铁匠走到桌边拿起茶杯把茶水喝了个底朝天,这才砸吧砸吧嘴,意犹未尽的说道:“我怕?我怕个屁!你老子我又不姓林。”这话说完,铁匠暗拍脑门,懊恼自己打铁打晕了,什么话都说了出来。果然眼角瞥见林小剩红润的脸色苍白了一瞬间,接着又恢复了正常。
“我不管,我明年都十六了!不,我现在虚岁都十六了!常言道大丈夫成家立业,不成家何以立业?”

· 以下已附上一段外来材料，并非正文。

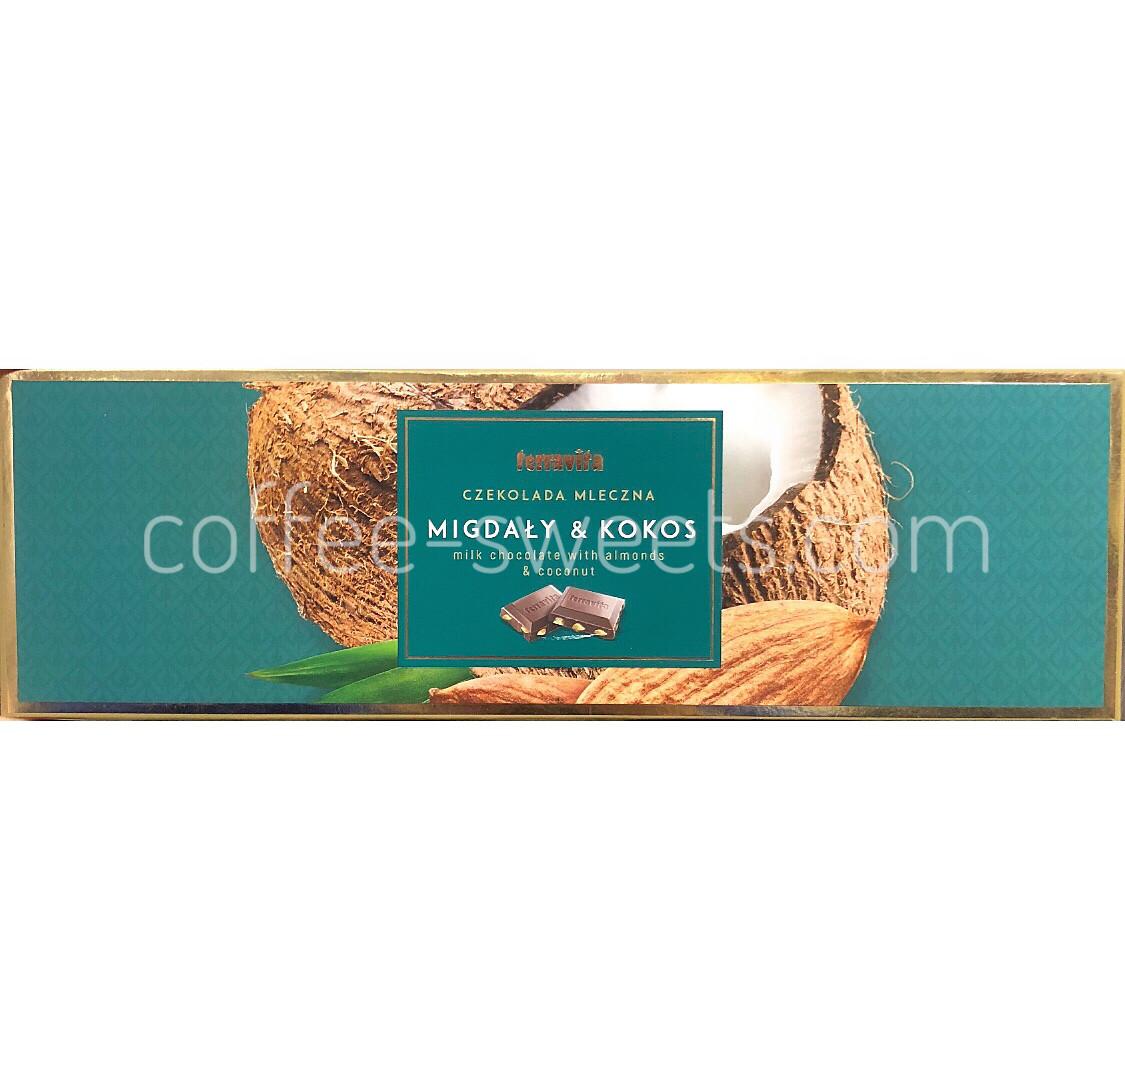 Шоколад молочный Terravita Migdaly & Kokos миндаль и кокос 225 гр

暗暗叹了一口气,铁匠知道这臭小子心里面肯定难受极了,不然他就不会这么撒泼了,只会等到晚间悄悄跟熊子溜出去怡春苑长见识了!不过进去说话会不会结巴,身子会不会发抖就是另一回事儿了……“我不是说了嘛,老赵家小夜那丫头不错,我明天就给你提亲去!”
“你,你……有,有,有你这么,这么当,当爹的吗?”林小剩颤抖着手指回忆起了那天在赵大叔家的面馆吃面时小夜妹妹吹着鼻涕泡追着他让他看看她新买的胭脂好不好看。那粉里透红,红里透紫……画面太美,林小剩连忙掐掉了脑中的画面。

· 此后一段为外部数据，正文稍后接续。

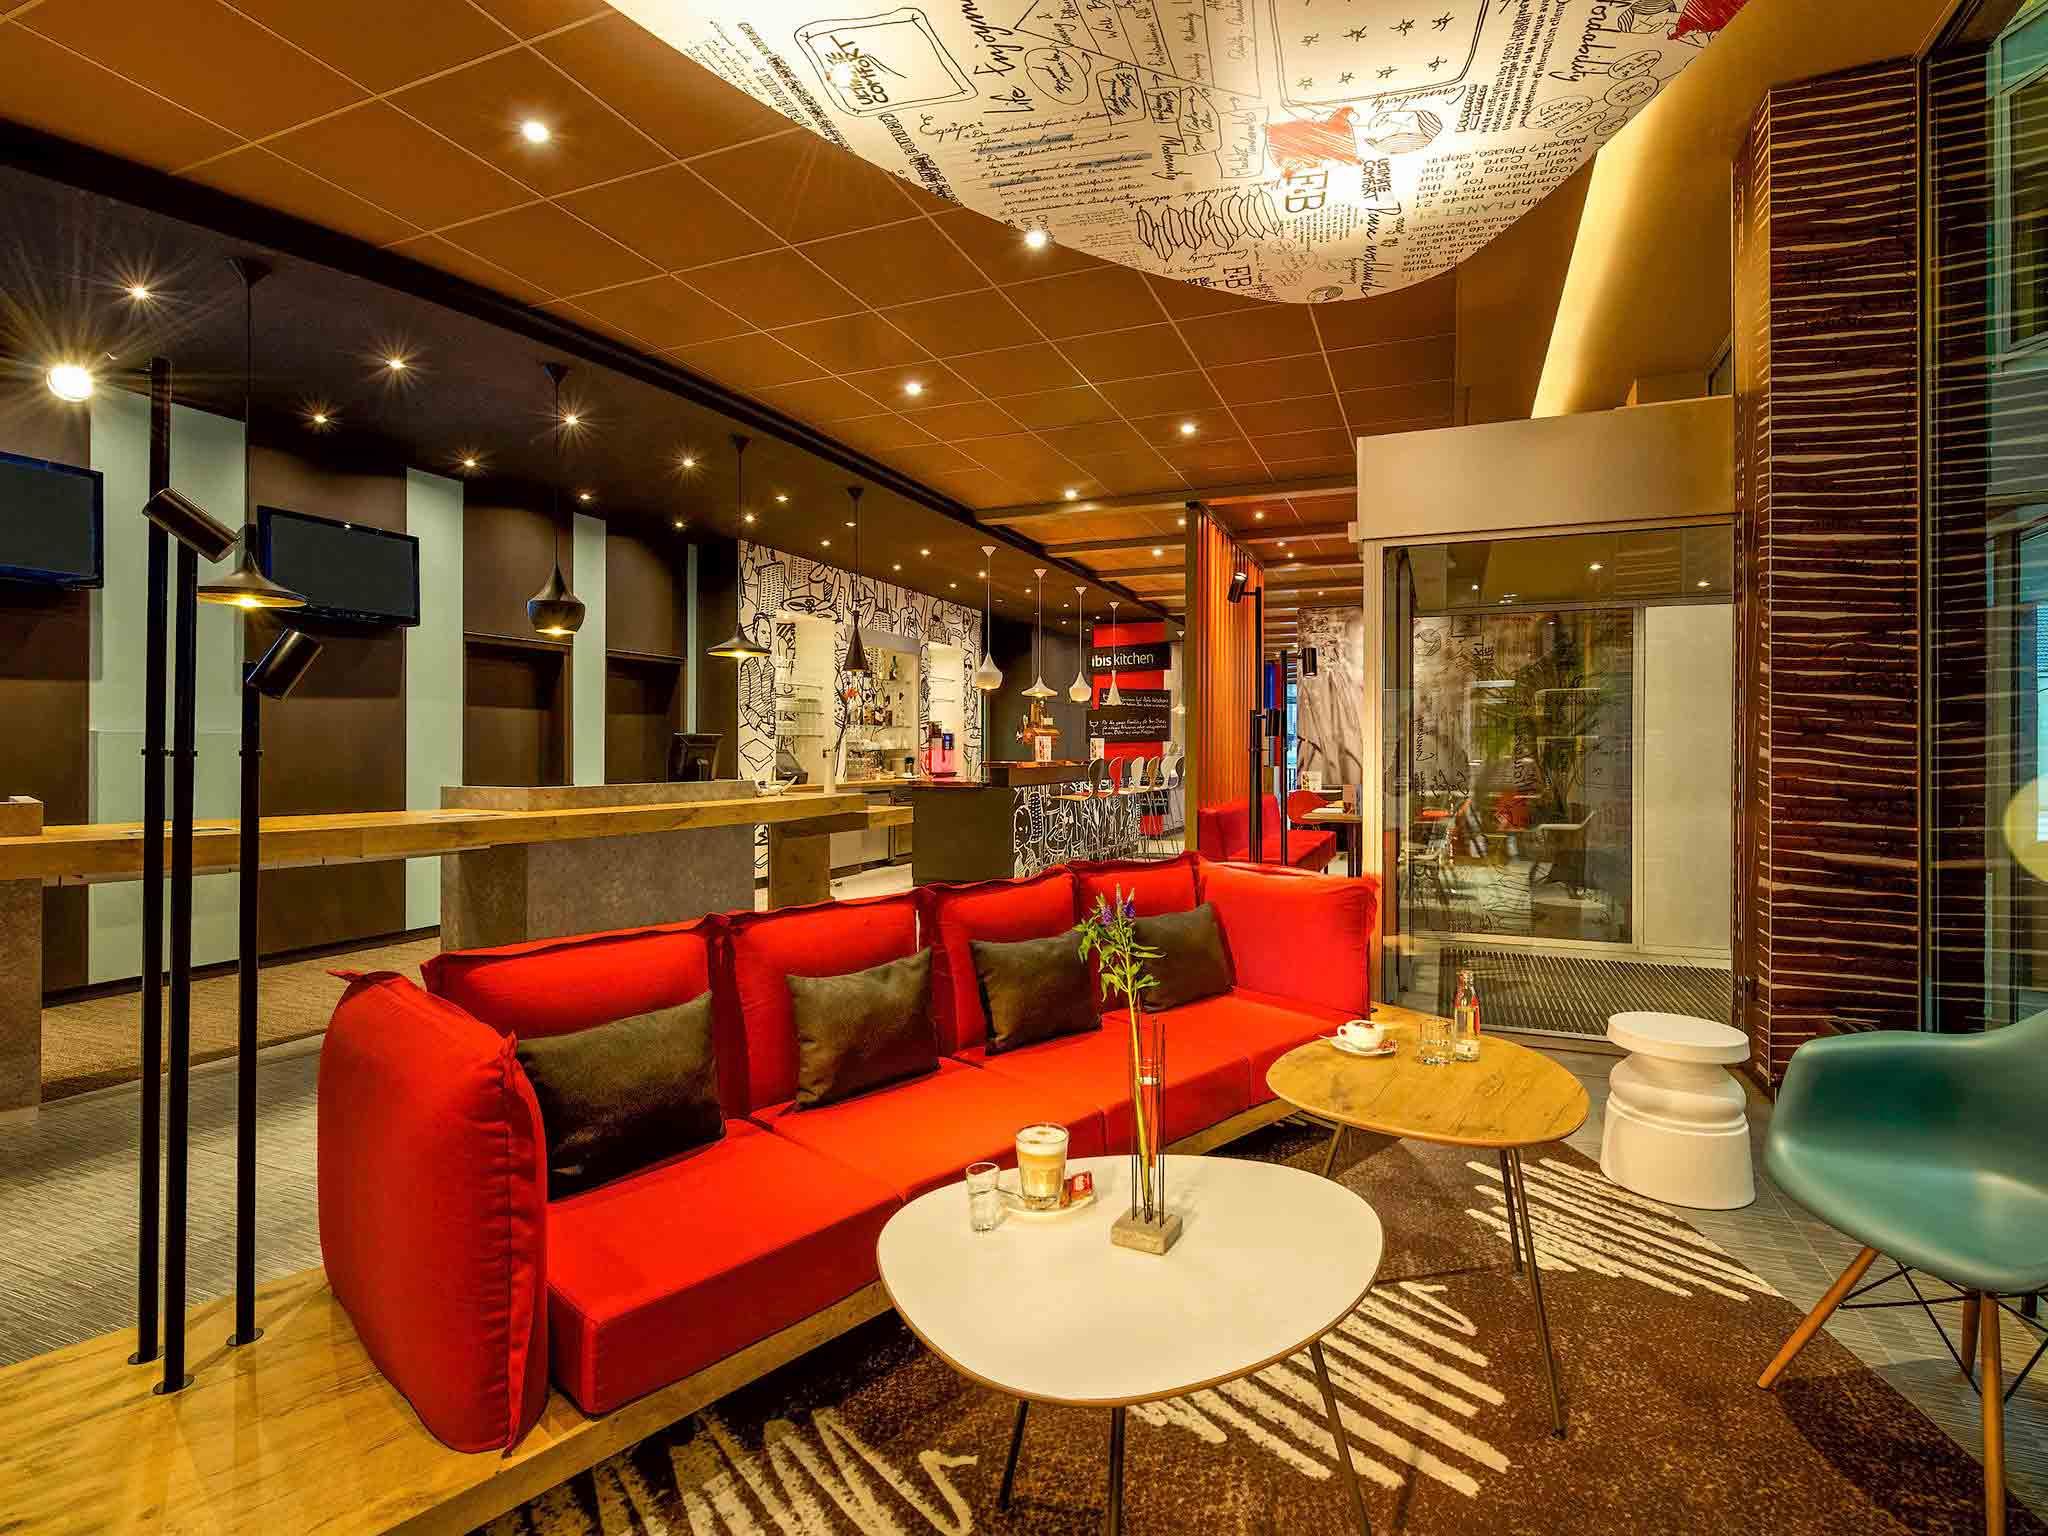 Hotel a hamburg ibis hamburg alsterring

“哼!你别想什么歪主意,大丈夫一言既出驷马难追,你要的老婆,我给你找了!不过,嘿嘿,臭小子,是苦是甜,如人饮水冷暖自知。”跟我斗,臭小子,你太嫩了!
林小剩的脸色垮了下来,一片灰败。“那……那还是算了吧,我也觉得我还小,娶媳妇儿这事遥远了一点。对了老头子,你不是说让我今日别瞎溜达,有什么事?”想了想后林小剩还是觉得绕过这个痛苦的话题比较好。
说到正事,铁匠的深情也严肃了些许,“待会儿有贵客上门,你不要给我瞎捣蛋,城主府上要我打造一批上乘的精铁剑送过去,他们府上的管事过两个时辰会送来图纸。正好问一下什么时候送去,到时你去送吧。”
虽然知道自己的老爹本事向来了得,自家铺子里的东西有很多人来求着买老爹还不卖,不过这次来的居然是城主府上的人!那可是世袭国公,镇守一方的大吏!林小剩点头称是,随后又好奇道:“平日你打的东西碰都不让我碰,这次怎么让我去送货?”
铁匠的背影僵了一下,随即恢复正常,淡淡说道:“这次不同,你在这市井小巷中混迹的久了,让你去城主府上见见世面也好。”林小剩直觉老爹在说假话,不过他也没有多问了。会告诉他的,老爹一定会说,既然不说,那便是暂时不想他知道。父子两人一起生活了十多年,这点默契,早已养成了习惯。
“莫怨青州雨,不识离人愁……”铁匠铺的小小少年,虔诚的看着门外阴沉下来的天色,口中哼着近日青州著名才子宋廉谱写而出的《青州调》,不识愁滋味。